_TASK_
Skip the pictures and write out, word for word, the lines below from the one with "Uncirculated Postcard - USA" through the one with "Om Books International", inclusive.

_INPUT DATA_
------------------------------------------------

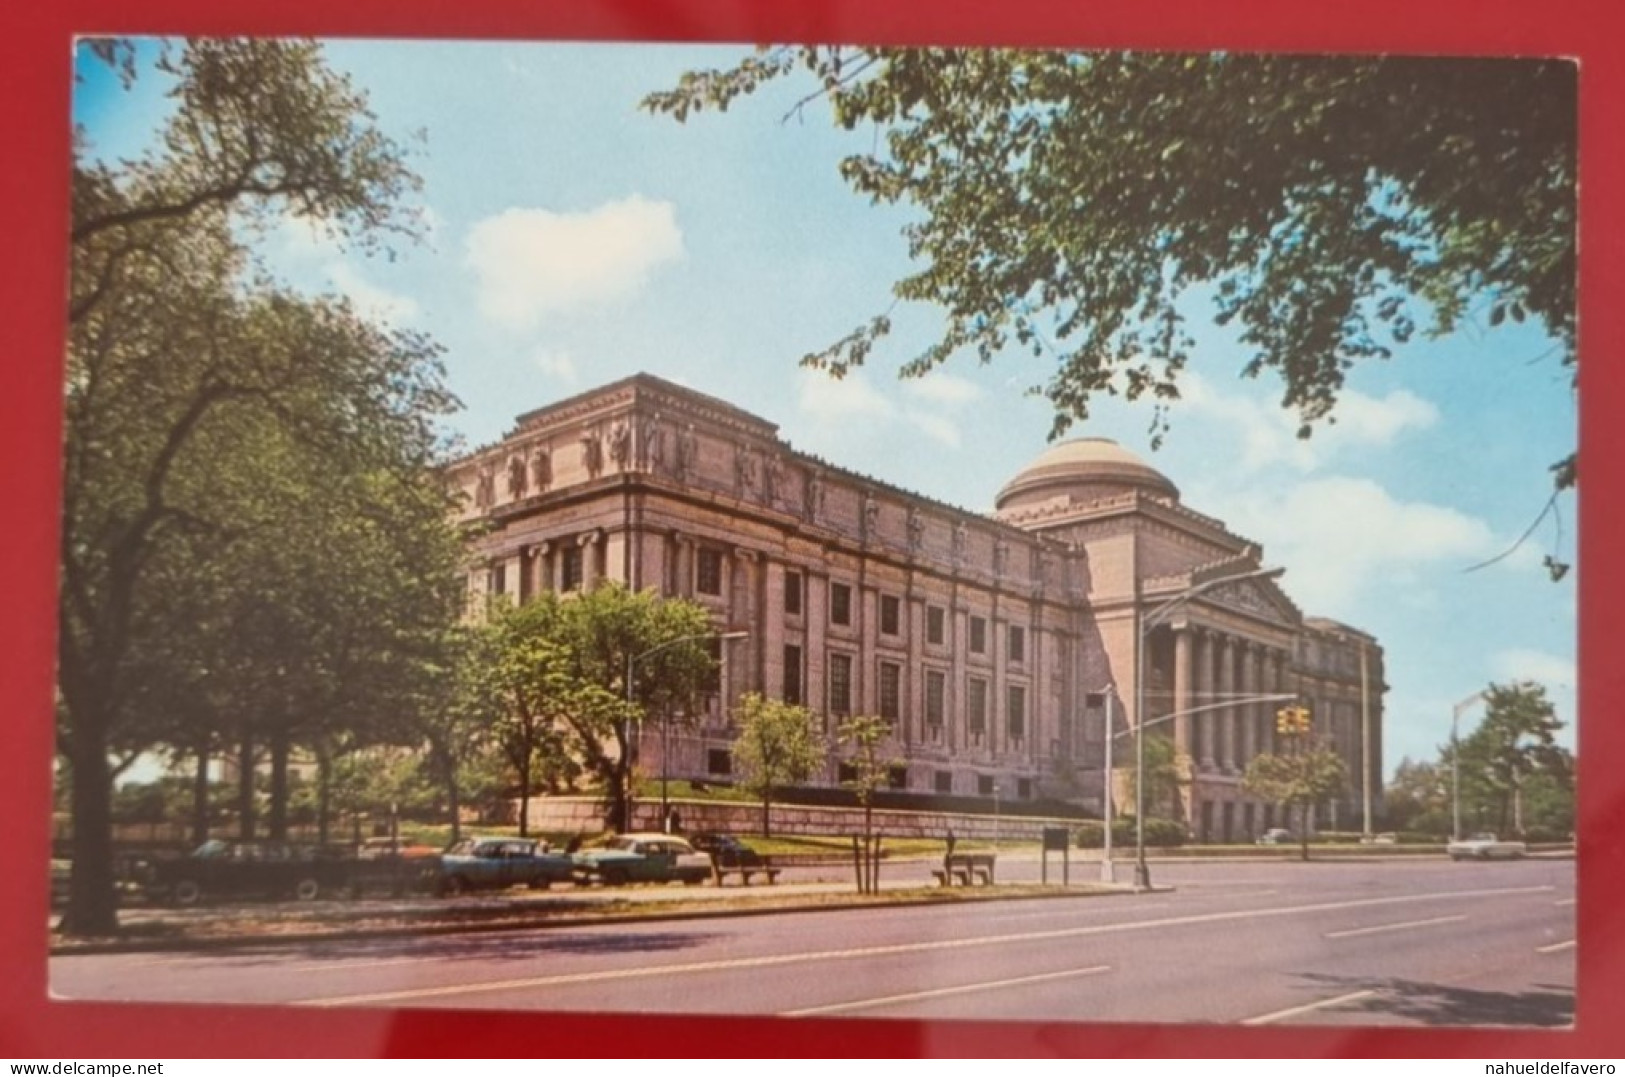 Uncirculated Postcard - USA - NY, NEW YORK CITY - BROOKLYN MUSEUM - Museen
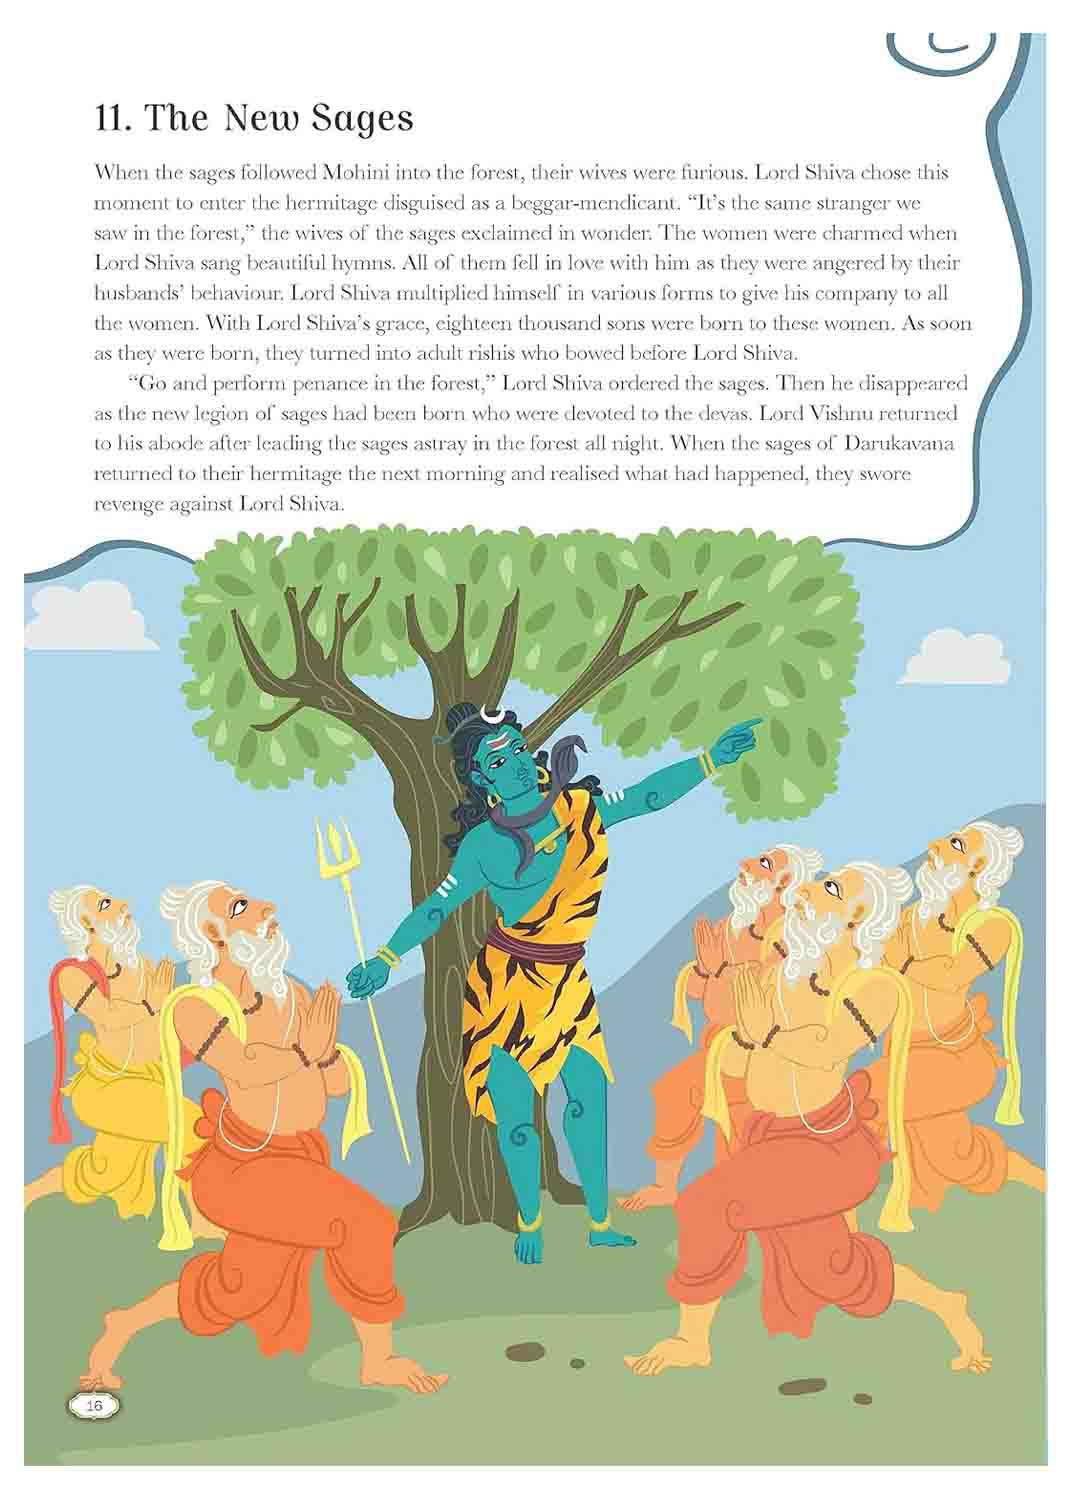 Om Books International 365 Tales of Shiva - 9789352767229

------------------------------------------------

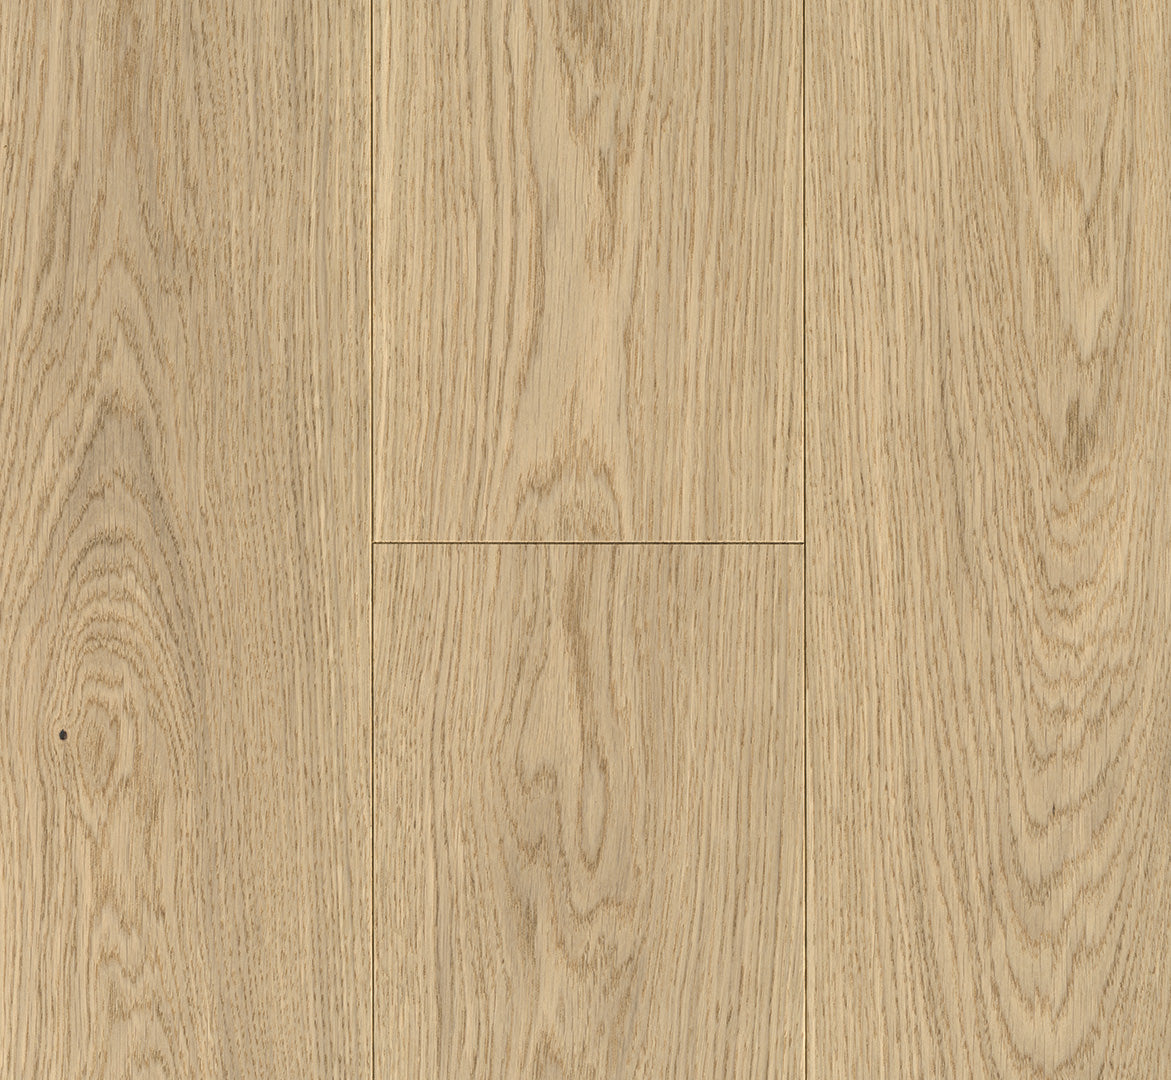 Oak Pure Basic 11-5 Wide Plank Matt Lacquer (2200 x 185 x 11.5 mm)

------------------------------------------------

_TASK RESPONSE_
 Uncirculated Postcard - USA - NY, NEW YORK CITY - BROOKLYN MUSEUM - Museen
 Om Books International 365 Tales of Shiva - 9789352767229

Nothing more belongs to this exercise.